Ich finde das ganze erreicht gerade eine Spitze, die ich ehrlich gesagt nicht mehr für voll nehmen kann. Ist das wirklich noch im Sinne des Hundes oder biegt man sich nicht gerade die Realität zurecht und driftet in ein ungesundes Extrem ab?
Ich sage es ganz ehrlich: wenn ich mir so manches Video von "möglichst Positiv"-Trainings auf Youtube anschaue, bin ich teilweise den Tränen nahe. Natürlich sind das immer nur Ausschnitte, aber wenn ich mir überlege, dass so der prinzipielle Umgang mit dem Hund aussieht, bleibt bei mir eigentlich nur unglaublich tiefes Mitleid mit dem Hund zurück. Jeder Schritt des Hundes wird kommentiert, jede Bewegung erhält eine Bedeutung und jede Zuwendung zur Umwelt wird mit einem Entspannungssignal belegt. Genau diese Menschen versuchen immer wieder zu erklären, dass Strafe unweigerlich zur erlernten Hilflosigkeit führt und unfair ist (und nicht verstanden wird, nicht funktioniert und was weiß ich noch alles). Es tut mir leid, aber ich frage mich, ob da nicht gewaltig was durcheinander gerät und ob das, was unter dem Deckmantel von Liebe, Fairness und Nettigkeit praktiziert wird, wirklich so erstrebenswert ist.

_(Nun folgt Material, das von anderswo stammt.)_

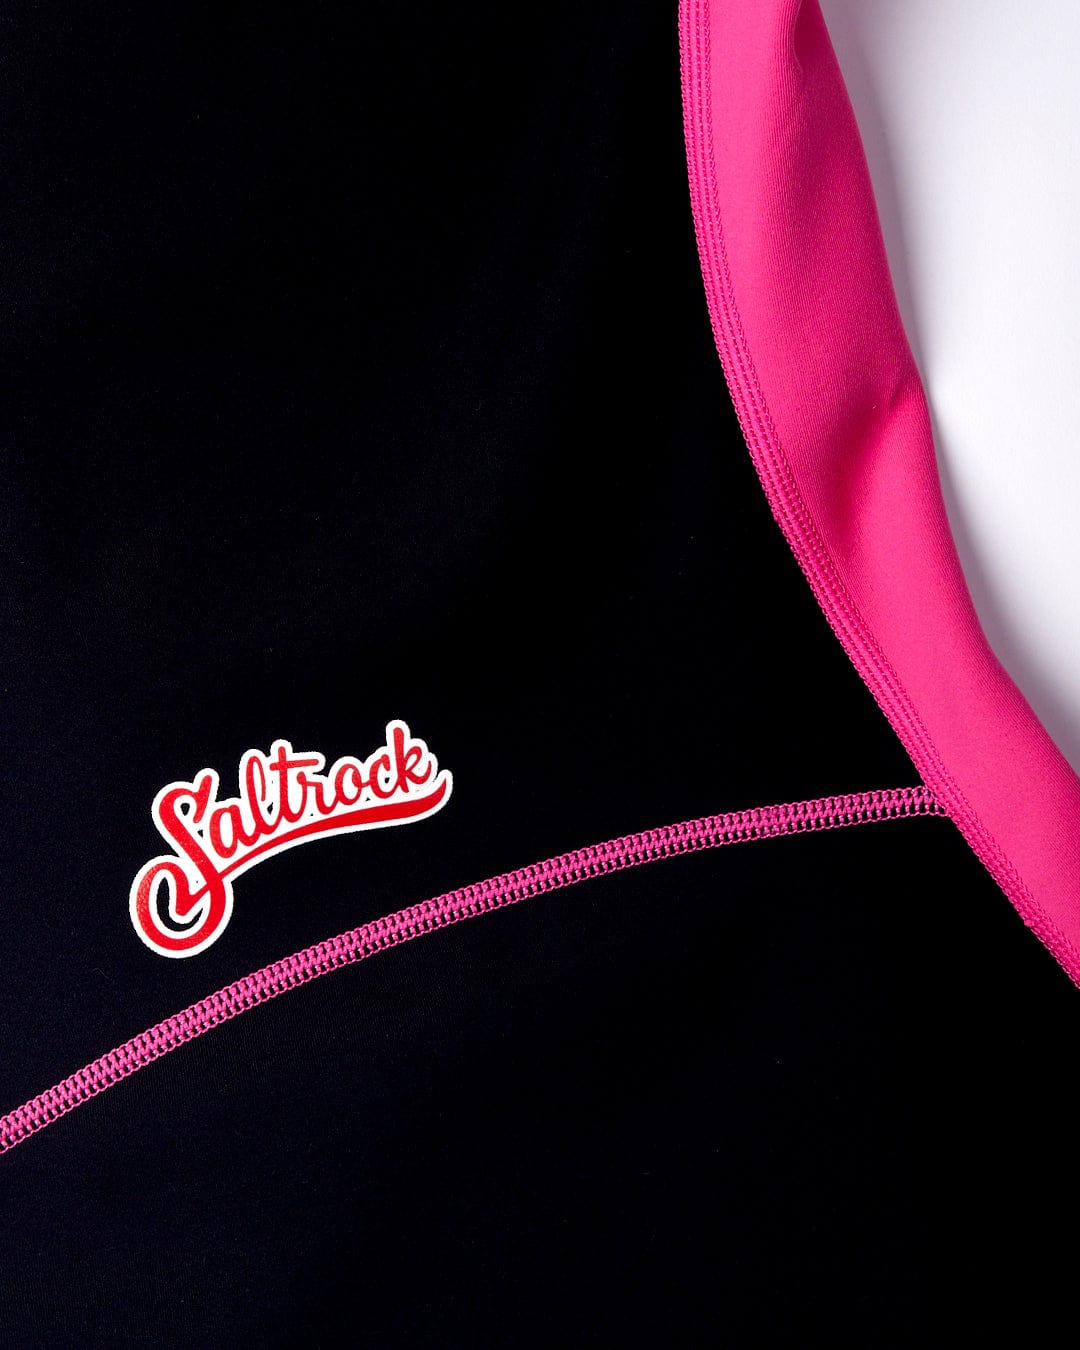 Close-up of a Saltrock logo on a black and pink neoprene wetsuit with visible seam and zipper detail featuring the Hibiscus - Womens Springsuit - Pink.

Strafe funktioniert und Sanktionen gehören zu einem sozialen Leben dazu. Ich behaupte sogar, dass sie extrem wichtig sind, um überhaupt einen Platz in einem sozialen Gefüge finden zu können (die Fähigkeit mit Frust und Stress klar zu kommen, an denen es wohl heutzutage extrem vielen Hunden mangeln dürfte, wird nunmal nicht über Nettigkeiten ausgebildet). Natürlich ist es schöner, wenn ich dem Hund für jedes Nichtbetreten des Badezimmers belohne. Aber Hand aufs Herz: mir kann einfach niemand erzählen, dass das für den Hund einfacher zu verstehen ist, als ihn in dem Moment, wenn er das Bad betreten will einmal die Hand an die Brust zu legen und Nein zu sagen. Und das ist nunmal eine positive Strafe. Ich wüsste nicht, wo da eine Gefahr für Fehlverknüpfungen liegen soll und ich wüsste nicht, was einem Lebewesen, dass nach einmaligem Öffnen der Kühlschranktür gelernt hat, was dieses Geräusch bedeutet, daran nicht verstehen sollte.
Ein Ja wird verstanden. Ein Nein nicht. Strafe bietet die Möglichkeiten zur Fehlverknüpfung. Belohnung nicht (und wenn doch, ist die Folge nicht schlimm). Strafe ist unfair, weil der Hund nicht weiß, was bestraft. Belohnung nicht, weil der Hund automatisch immer weiß, was belohnt wird. Sorry, aber bei mir spielt da automatisch die Titelmusik von Pippi Langstrumpf im Kopf ab.
Wir vergessen meiner Meinung nach in dem ganzen Konditionierungswahn allzu häufig eine wichtige Tatsache: Lernen ist eine hochkomplexe Geschichte, auf die so viele Faktoren Einfluss nehmen und Lernerfahrungen selbst, nehmen wiederum auf soviele Faktoren Einfluss, dass es kaum möglich ist, vorauszusehen, was sich aus einer Lernerfahrung entwickeln wird. Die Konditionierungsmodelle sind Prinzipien um die Auswirkungen von Einflussfaktoren auf bestimmte Verhaltensweisen zu erklären. Aber das echte Leben mit seinen Beziehungen ist um ein Vielfaches komplexer. Und ehrlich gesagt bin ich froh darüber, dass es so ist.